Acresce que praticamente toda a adaptabilidade do regulamento, todos aqueles aspetos que podem ser suavizados – em benefício os particulares e até de fins maiores ou extraordinários do bem comum, como a suspensão da disciplina do regulamento em caso de catástrofe natural que obrigue a plantar o que houver – ficam nas mãos do poder executivo por via das mais de trinta delegações de poderes previstas em benefício da Comissão.

 A rejeição do regulamento pelo Parlamento em 11/03/2014 não pôs fim a este processo legislativo em que Parlamento e Conselho decidem juntos, ficando agora o texto do regulamento à espera da primeira leitura por parte do Conselho, que poderá concordar com a rejeição do Parlamento, ou não, caso em que o processo seguirá para conciliação.

O grande risco nesta questão, quanto a mim, começa ao nível elementar do vocabulário. Inúmeras notícias de 06/05/2013 dizem que “a Comissão Europeia aprovou”, referindo-se à apresentação da proposta ao Parlamento e ao Conselho, e estes é que são os órgãos que detêm o poder de aprovação. É evidente que a Comissão tem de, internamente, aprovar os textos que apresenta ao Parlamento e ao Conselho, mas essa aprovação é irrelevante e, em rigor, devia ter sido dito que “a Comissão propôs ao Parlamento e ao Conselho”, nunca que “aprovou”.

Um dos alarmes que li falava da criminalização da venda ou troca de sementes que venha a fugir à disciplina do regulamento. Este é um dos poucos aspetos que fica ao critério dos Estados-membros e será o poder legislativo respetivo a determinar que sanções serão aplicadas à violação do regulamento. Dificilmente serão penais as sanções previstas para os pequenos operadores e para os agricultores e jardineiros amadores, mais facilmente serão penais para os operadores profissionais, mas tal não será de todo determinado por força da eventual aprovação do regulamento.
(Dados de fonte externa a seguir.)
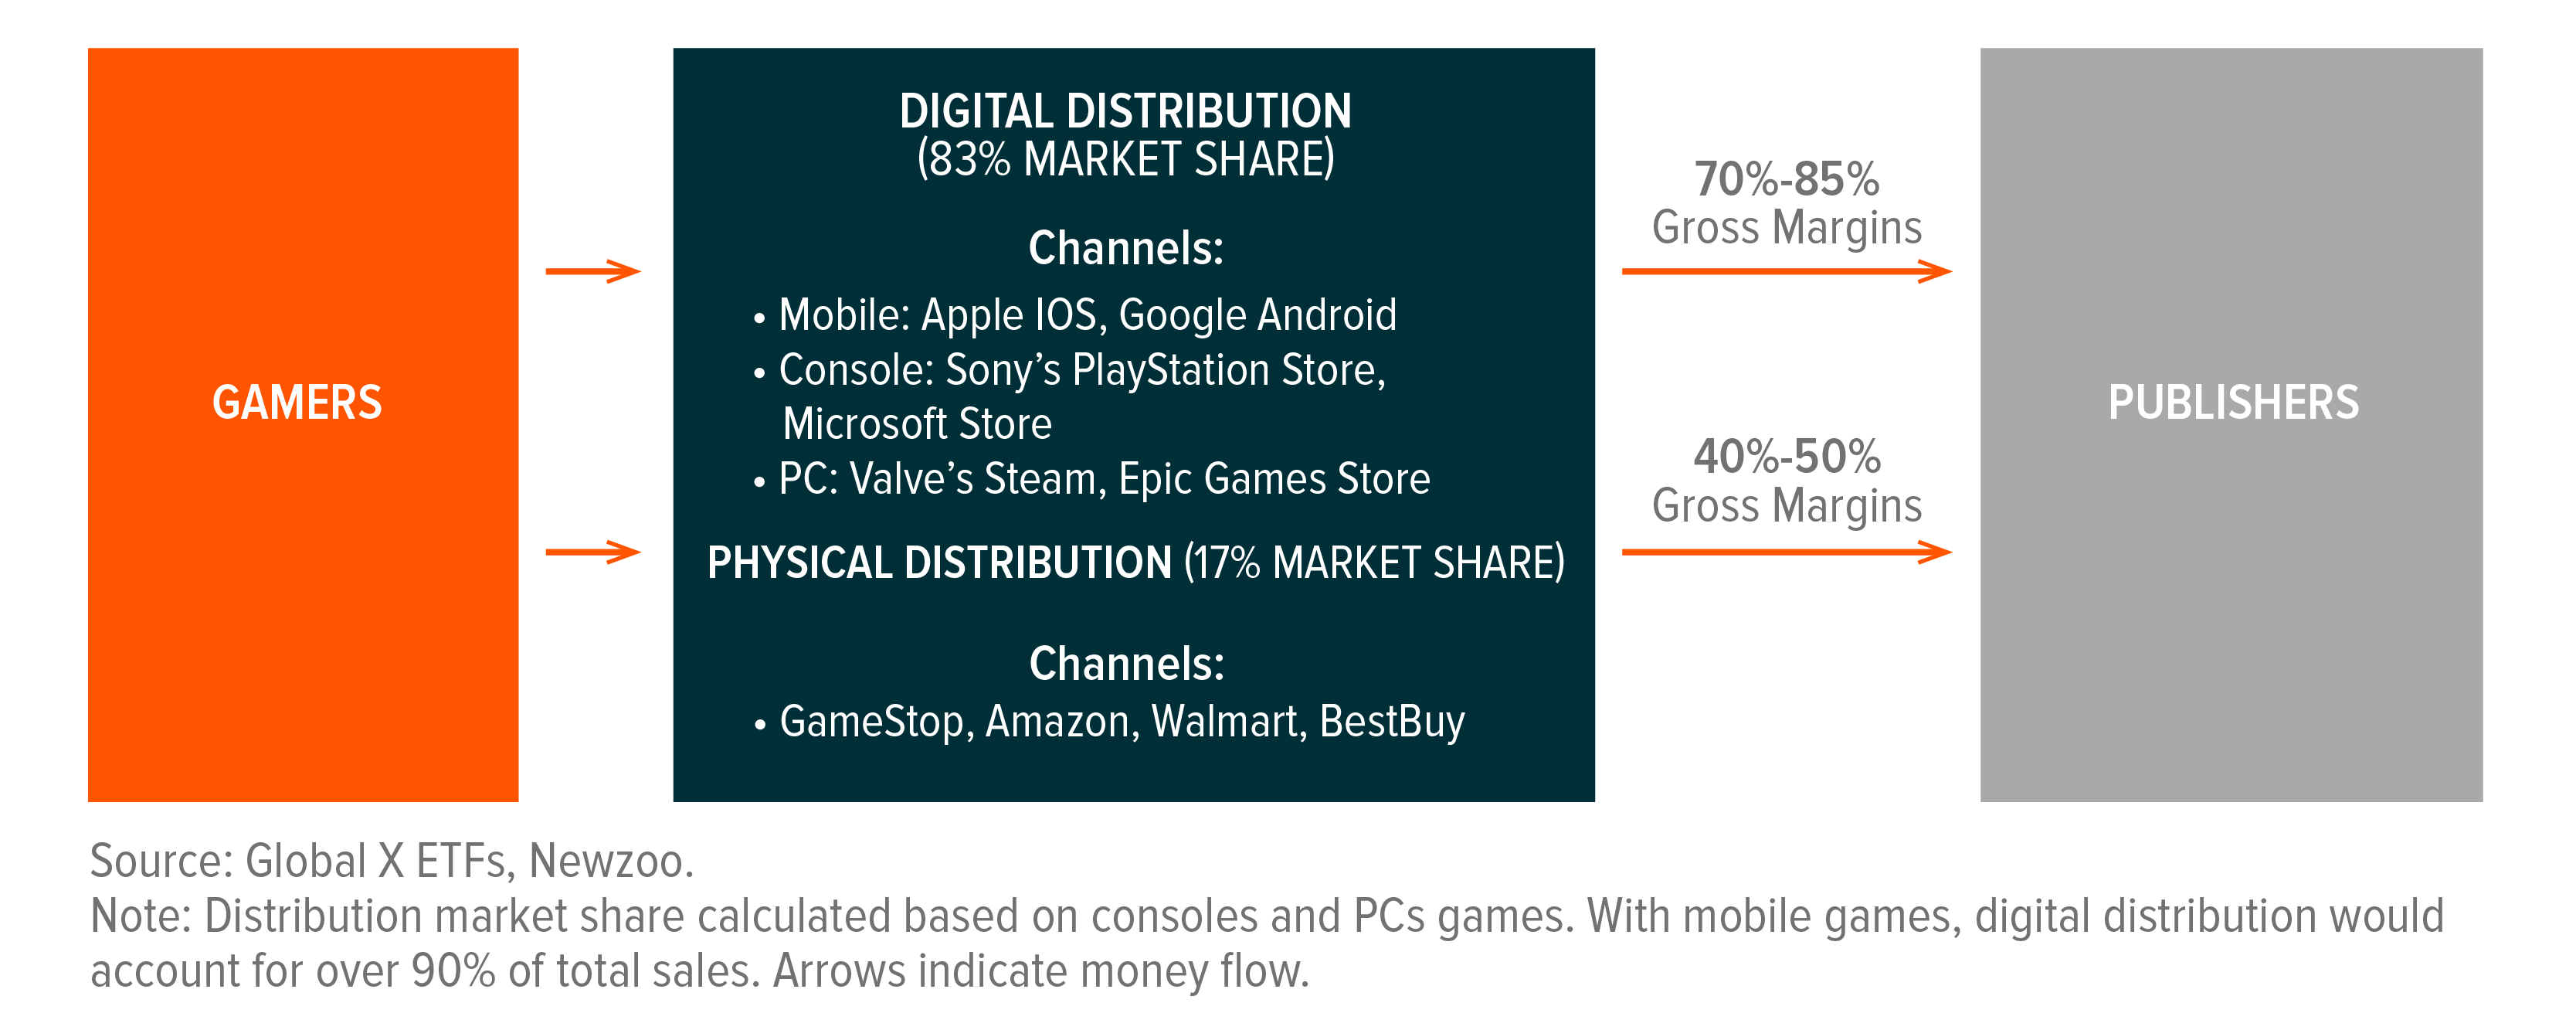 Digital distribution of video games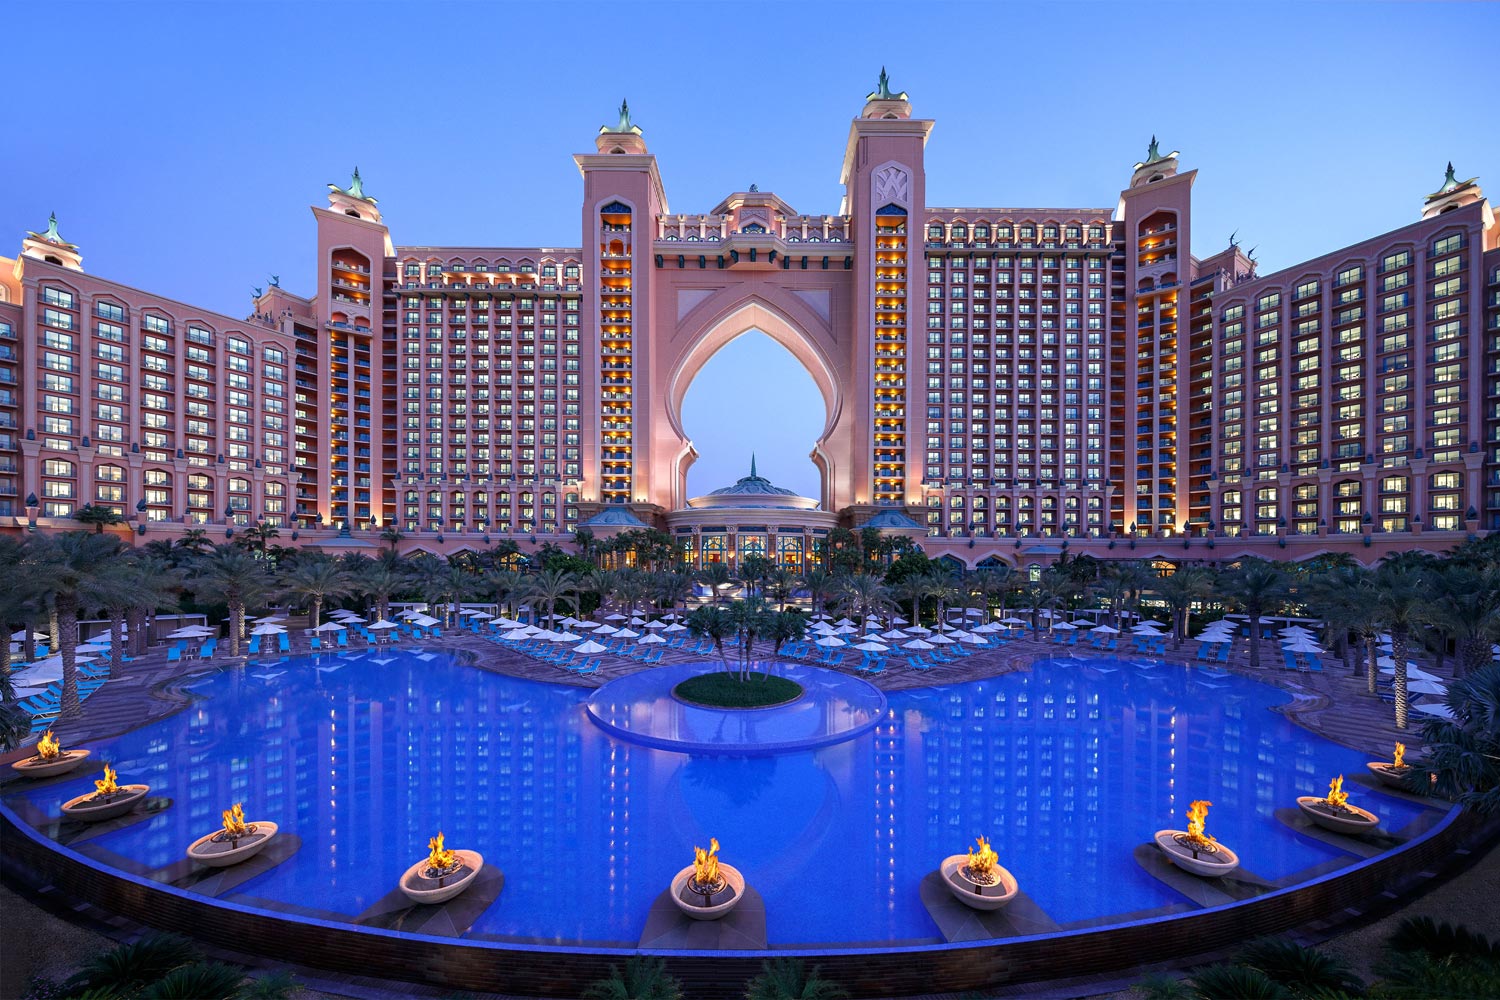 Atlantis The Palm Dubais Iconic Five Star Hotel And Luxury Resort My Xxx Hot Girl

Ao não distinguirem, também, entre a disciplina da patenteabilidade (Convenção de Munique) e a disciplina da produção e disponibilização no mercado do material de reprodução vegetal (regulamento em aprovação), os opositores de um e de outro correm o risco de apresentar o seu contraditório nas instâncias e nos procedimentos errados. Assim, por exemplo, alguns textos apresentados por alguns partidos europeus de vários países ao Parlamento Europeu, contra o regulamento da reprodução vegetal, insurgiam-se contra a atribuição de patentes.  

Embora sejam regimes distintos, a força dos grandes produtores de sementes no mercado poderá tornar-se insustentável pelo efeito conjunto do regulamento sobre produção e disponibilização no mercado de material de reprodução vegetal (se vier a ser aprovado) e da Convenção de Munique.

Entretanto, enquanto toda a gente une esforços e protestos contra o projeto de regulamento sobre produção e disponibilização no mercado de material de reprodução vegetal, mesmo quanto a matérias que o regulamento não disciplina, o European Patent Office vai, com alguma tranquilidade, tecendo importante jurisprudência em torno dos conceitos de “processo essencialmente biológico de obtenção de vegetais” e de “processo microbiológico” do artigo 53.º da Convenção de Munique, com todo um historial de empresas a pedirem e por vezes a obterem, aí sim, patentes sobre tomates, brócolos, melões e outras espécies fundamentais da dieta elementar humana.

 


[1] Pseudónimo do jornalista britânico Sam Youd.